Phones and socials are the same idea: a permissive regex plus a denylist. For socials, match linkedin.com/company/, twitter.com/, instagram.com/ etc. and strip share-intent URLs (/share?, /sharer).

Step 3: be polite or get blocked

  • Set a real User-Agent. Default fetch agents get filtered.
  • Respect a small concurrency cap per host (2-3) and add jitter.
  • Honor robots.txt for the paths you crawl.
  • Cache by host so you don't refetch the homepage for every email you want.

Most "the scraper stopped working" reports are really "the scraper got rate-limited because it fired 50 parallel requests with a python-requests UA."

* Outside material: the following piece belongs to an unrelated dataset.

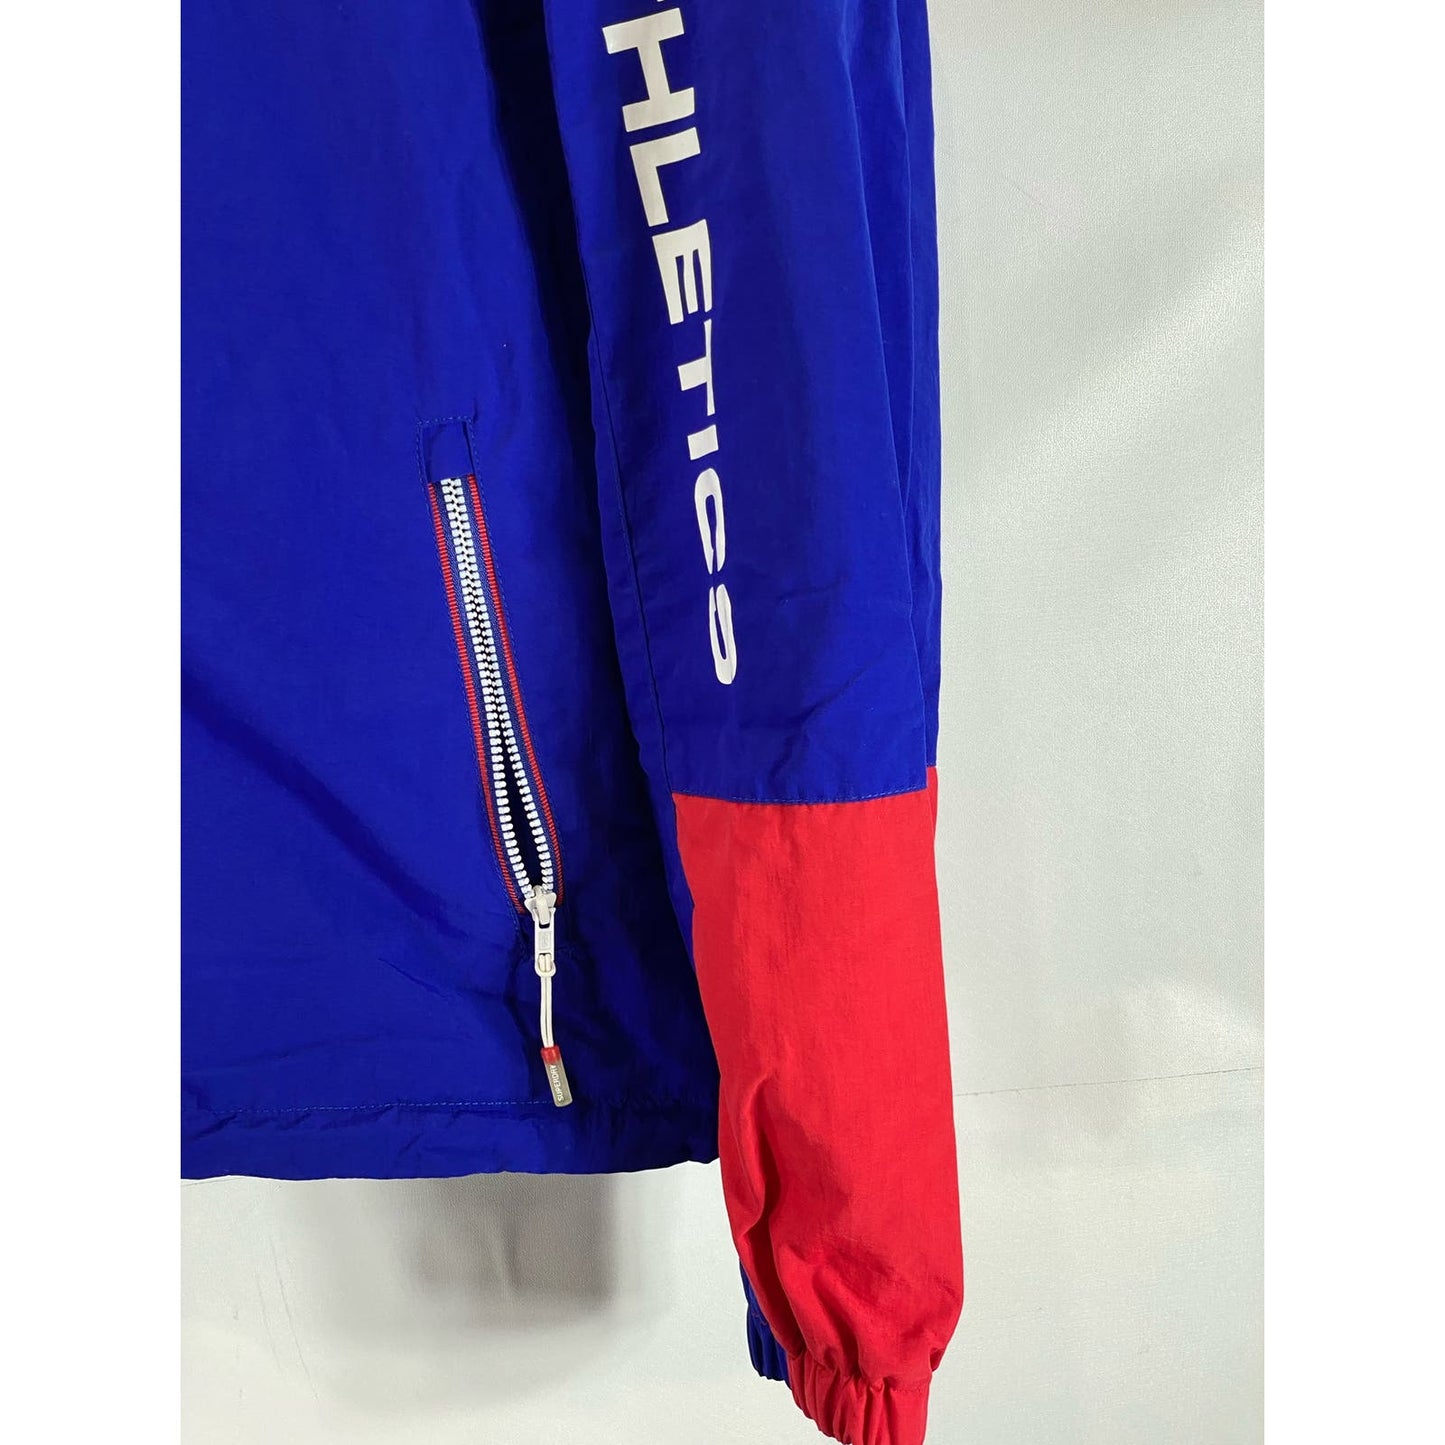 SUPERDRY Men's Red/Blue Drawstring Hood Zip-Up Athletic Jacket SZ XL

Where the DIY version breaks down

The script above is great for tens of sites. Past that you hit the operational tail:

  • Concurrency + proxies so one IP doesn't get blocked across thousands of domains.
  • Retries with backoff for the 10-15% of sites that flake on first request.
  • JS-rendered contact widgets (some sites inject the email via JavaScript), which need a headless browser only sometimes — running one for every site is wasteful.
  • Tech-stack detection if you want to segment leads (e.g. "all Shopify stores in this list").

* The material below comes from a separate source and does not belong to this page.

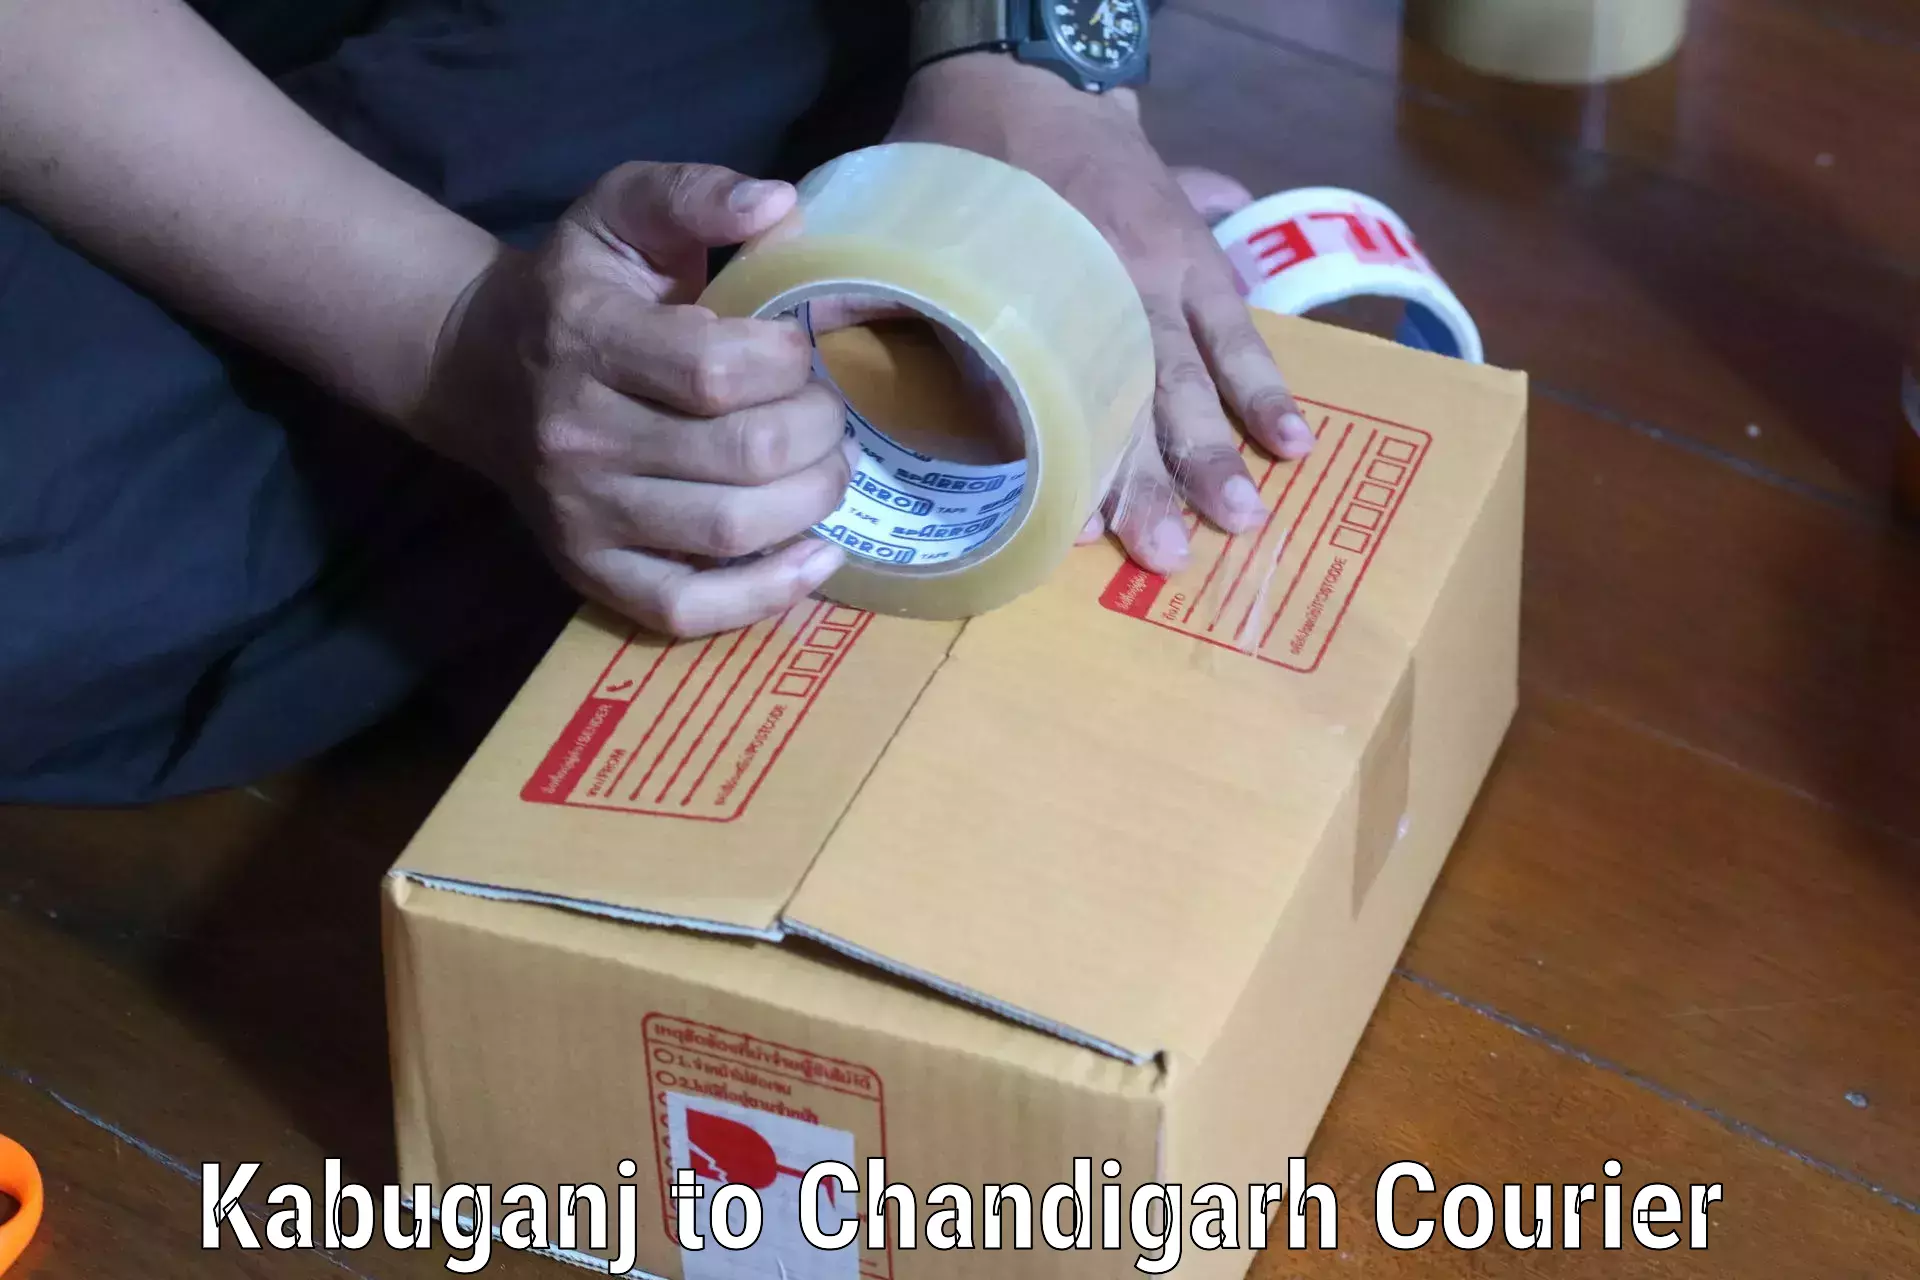 Efficient cargo handling Kabuganj to Chandigarh

That's exactly the boundary where I stopped maintaining a local script and moved the logic onto a hosted runner. I publish two of them as pay-per-result scrapers on Apify:

  • Email Scraper & Contact Finder — feed it a list of websites, it does the ranked-crawl + extraction + tech-stack detection described above and returns emails, phones and socials. No API key, no login.
  • Google Maps Email Extractor — when you don't even have the list of websites yet. Give it a search term + location, it pulls the local businesses from Google Maps (name, address, phone, website, rating) and then runs the contact crawl on each site to get the email. No Google API key.

Both run on Apify's free tier to try, and you pay per result rather than a monthly seat — which is the right shape for lead-gen work that's bursty rather than constant.

Takeaway

For finding the contact details a business publishes about itself, the API-key requirement is mostly artificial. Ranked crawling (contact pages first), a tightened regex with a denylist, entity/obfuscation decoding, and basic politeness get you most of the way. Reach for a hosted runner only when concurrency, proxy rotation and retries become the actual job — which is later than most tutorials would have you believe.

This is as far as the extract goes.